Use a protractor to measure physical angles first. Classify angles by sight, then verify with measurement. Introduce notation (angle symbol, three-letter naming with vertex in the middle). Practice the Angle Addition Postulate with diagrams where angles are subdivided.
You have been working with points, lines, and planes as the primitives of geometry. An angle arises naturally the moment two rays share a common endpoint: that shared point is the vertex, and the opening between the rays is the angle. Angles appear everywhere in geometry — in triangles, parallel-line diagrams, circles, and polygons — so developing precise vocabulary for them now pays off immediately in every subsequent topic.
Angles are measured in degrees, where a full rotation is 360°. The classifications — acute (0°–90°), right (exactly 90°), obtuse (90°–180°), and straight (exactly 180°) — are not arbitrary labels but reflect geometric distinctions with real consequences. A right angle signals perpendicularity, which is the foundation of the Pythagorean theorem and coordinate geometry.

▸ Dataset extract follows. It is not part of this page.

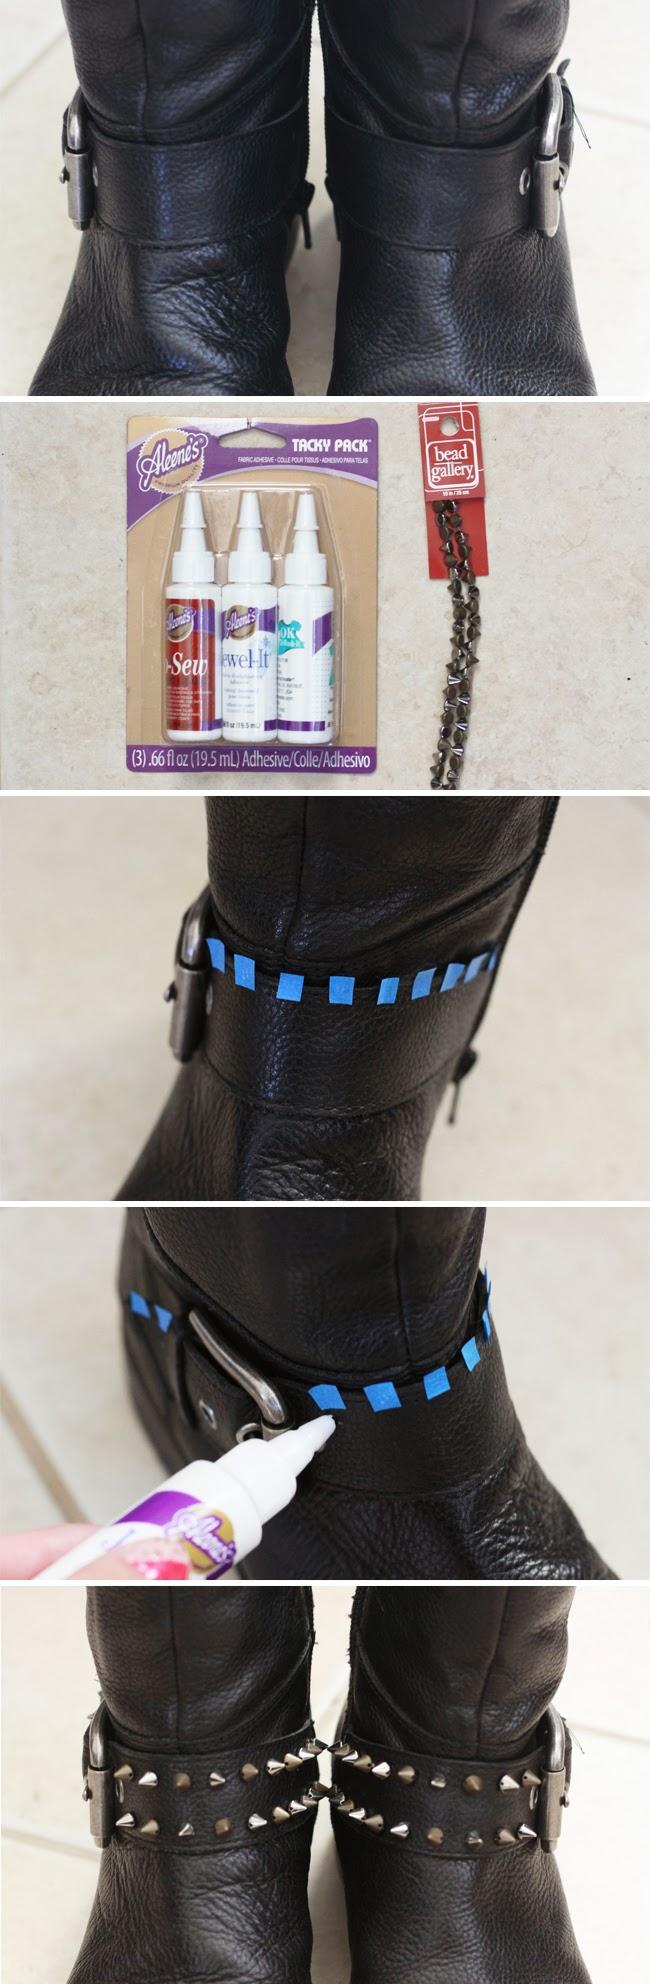 DIY, studded boots, nine west, restyle boots, black leather boots, fashion blogger diy, favorite DIY

A straight angle is just a straight line looked at from one end. Memorizing the classification thresholds is less important than understanding what they represent.
One of the most important misconceptions to correct early: the measure of an angle has nothing to do with the length of its rays. An angle of 45° between two short rays is identical in measure to a 45° angle between two very long rays. Angles measure rotation, not length. If you always think "how much would I have to rotate one ray to land on the other?", the measure follows directly from that rotation — ray length is irrelevant.
The Angle Addition Postulate provides the key tool for working with angles in diagrams: if a ray lies inside an angle, the two sub-angles it creates add to give the whole. Written symbolically: if BD is in the interior of ∠ABC, then m∠ABC = m∠ABD + m∠DBC. This looks simple, but it is the foundation for every geometric argument that involves breaking apart or combining angles — from proving triangle angle sums to analyzing parallel-line relationships. Practice identifying when a ray subdivides an angle in a figure and applying the postulate fluently, because it appears constantly in proofs.